Adding a new wrinkle to socially responsible investing, KeyCorp has teamed up with a minority-owned investment firm to launch the first mutual fund designed to appeal to African-Americans.
The Victory Lakefront Fund will seek to persuade the blue-chip companies in which it invests to make diversity a top corporate priority. That makes it different from other funds that support social issues, as they typically invest only in companies that already demonstrate a commitment to their cause.
"This may be the first fund that is taking an active approach to working with its portfolio companies," said W. Christopher Maxwell, senior managing director at Key Asset Management Inc., a unit of the Cleveland-based bank.
Victory Lakefront is also believed to be the first fund aimed directly at the African-American market, which earns and spends more than $350 billion a year. While major fund companies have long targeted groups such as women, senior citizens, and young investors-none have sought to appeal directly to African-Americans and others for whom diversity strikes an emotional chord.
"This is a different beast," said Richard Ross at Fifty-plus Communications Consulting in Glencoe, Ill. "It's a fascinating offering."
A long-term growth fund, Victory Lakefront invests in strong companies whose stock is undervalued, including American Express Co., Texas Instruments, Reebok International, and General Electric Co. Once it owns shares in these companies, it promotes to their managements the economic benefits of diversity policies.
"We don't screen out anybody," said Nathaniel Carter, the fund's creator. "We look for companies with shareholder upside and after we own them, we try to get them comfortable with diversity.
"Companies not dealing with diversity are putting their shareholders at risk from an economic standpoint," he added.
Mr. Carter is president and chief investment officer of Lakefront Capital Investors Inc., Cleveland, which is the only investment advisory firm in Ohio owned by African-Americans. He said he plans to market Victory Lakefront to 401(k) plans and is currently in negotiations with national and regional brokerage firms, including Merrill Lynch & Co. and Dean Witter Financial Services, to carry the fund.
Brokers that work at these firms, Mr. Carter predicted, will want to sell Victory Lakefront because it will provide them with entree to the African-American market.
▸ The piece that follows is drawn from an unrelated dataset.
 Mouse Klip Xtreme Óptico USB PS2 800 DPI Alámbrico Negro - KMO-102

"It can really be a foot-in-the-door product for them," he said.
According to Mr. Carter, a recent survey by Roper Starch Worldwide found that 51% of African-Americans would like to have their investments pegged to diversity issues. Only 10% of whites in the survey expressed similar sentiments, Mr. Carter said.
Moreover, African-Americans' buying power has grown rapidly in recent years. The number of African-American households with annual incomes of $50,000 or more grew more than 50% during the 1980s to 1.1 million, according to Target Market News Inc., a Chicago-based research firm. By 2000, 12.4 million households will be headed by African-Americans, Target said.
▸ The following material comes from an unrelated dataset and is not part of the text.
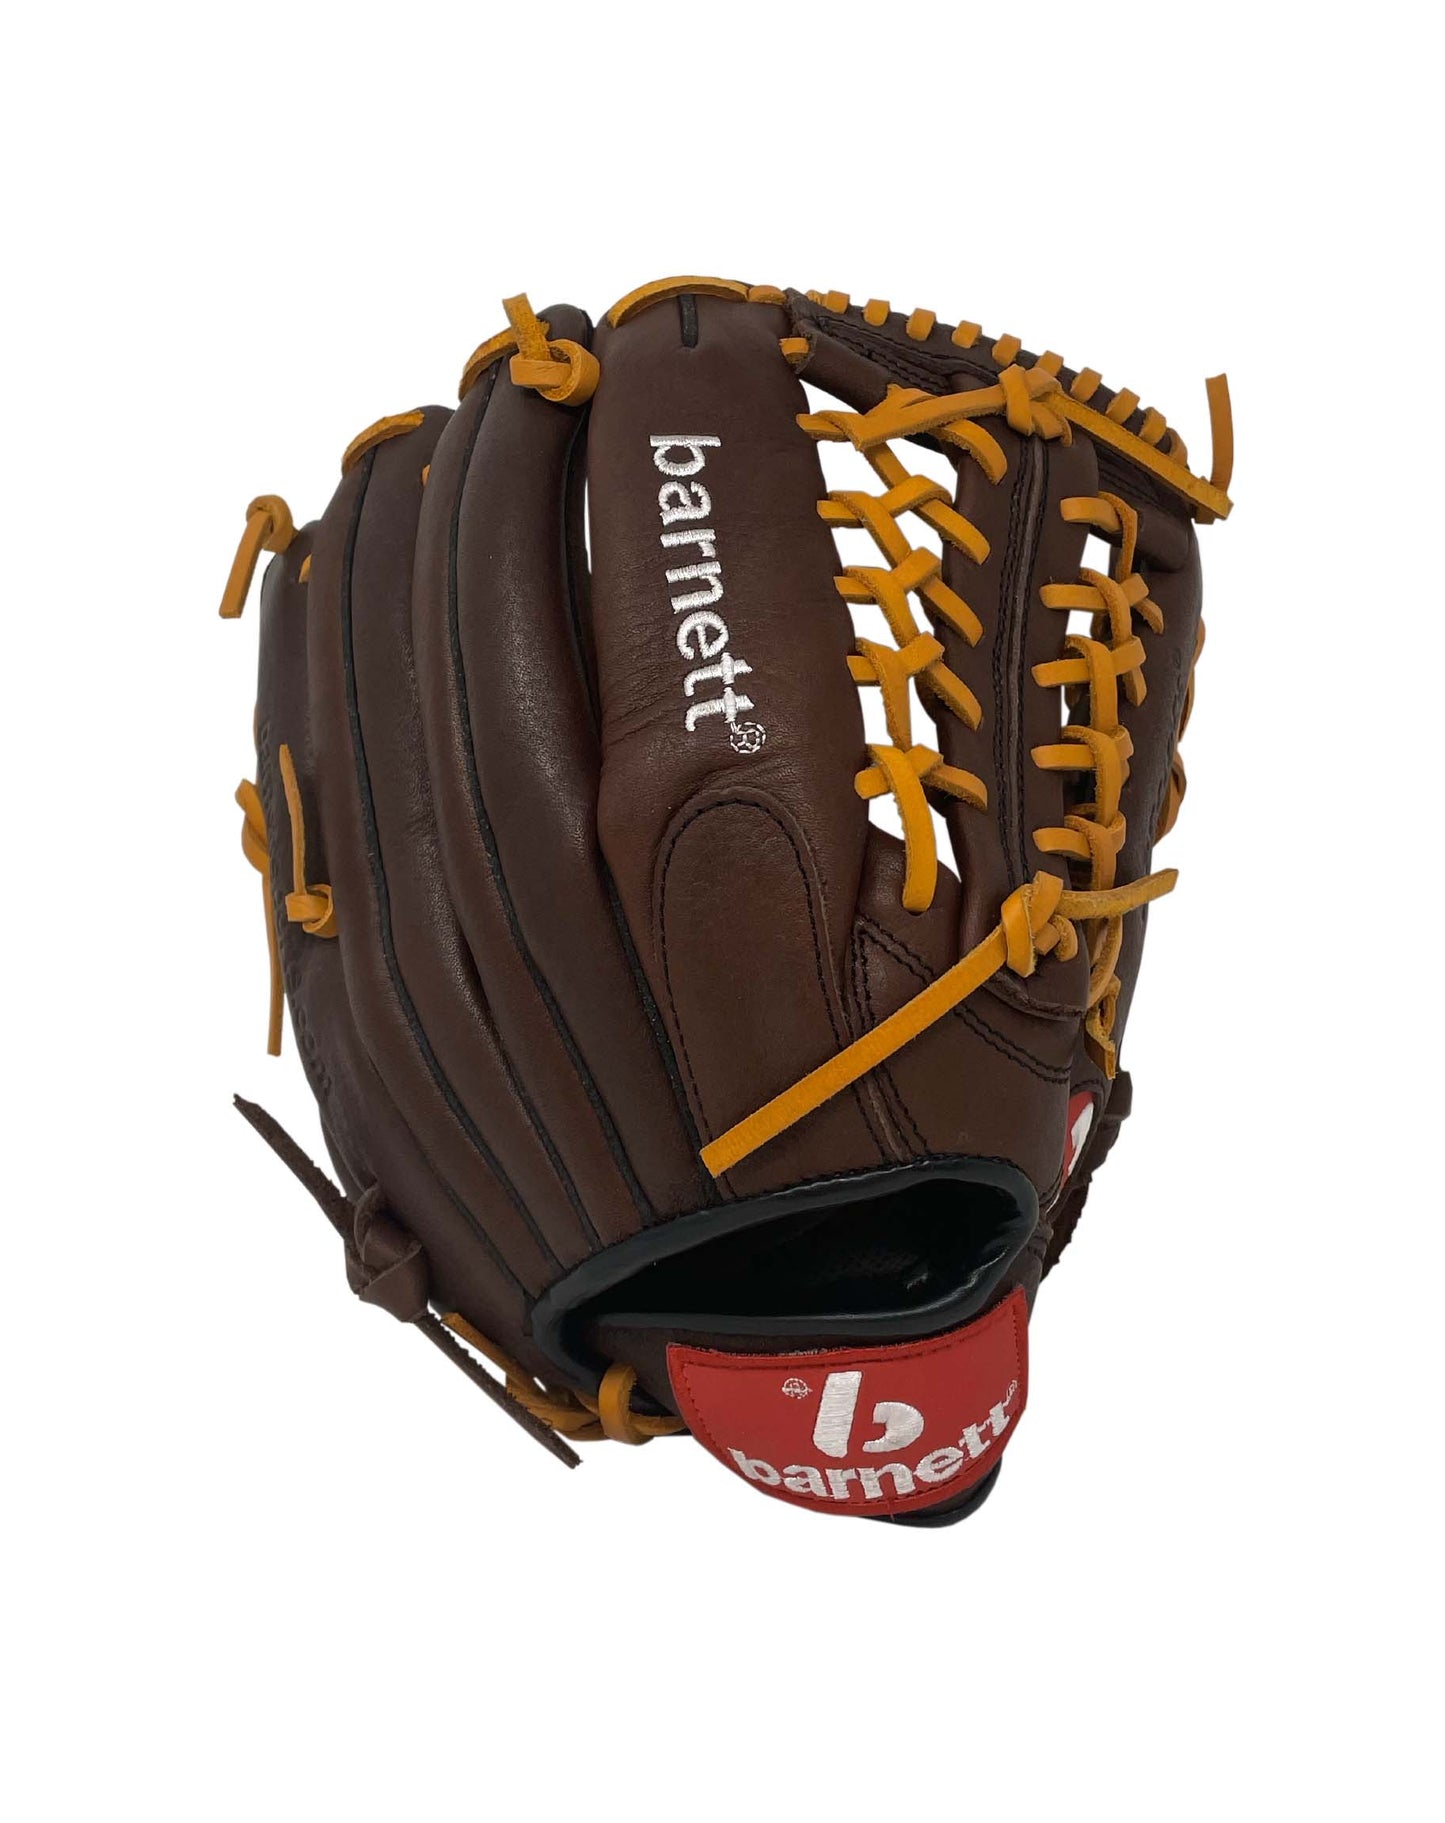 GL-125 Baseball Handschuh, Echtleder, Wettkampf, Outfield & Softball Größe 12,5 (inch), braun

At KeyCorp, Mr. Maxwell said the fund, officially launched last week, has already garnered wide interest. News of its availability generated five times as many telephone inquiries as other investment products, he said.
The fund is likely not only to attract African-Americans, but anyone who feels strongly about championing diversity in the workplace and in society at large, observers said. But while few questioned the fund's emotional appeal, some said that would take it only so far.
"The issue is, will the performance be there?" said Marcia Selz, president of Marketing Matrix, a Los Angeles consulting firm. "Investors will not just look at the approach, but ask, 'What's in it for me?'" For a fund like Victory Lakefront to gather assets, it must have high visibility in the market. The way to do that is to establish a stellar track record, she said.
"You have to have a wait-and-see approach."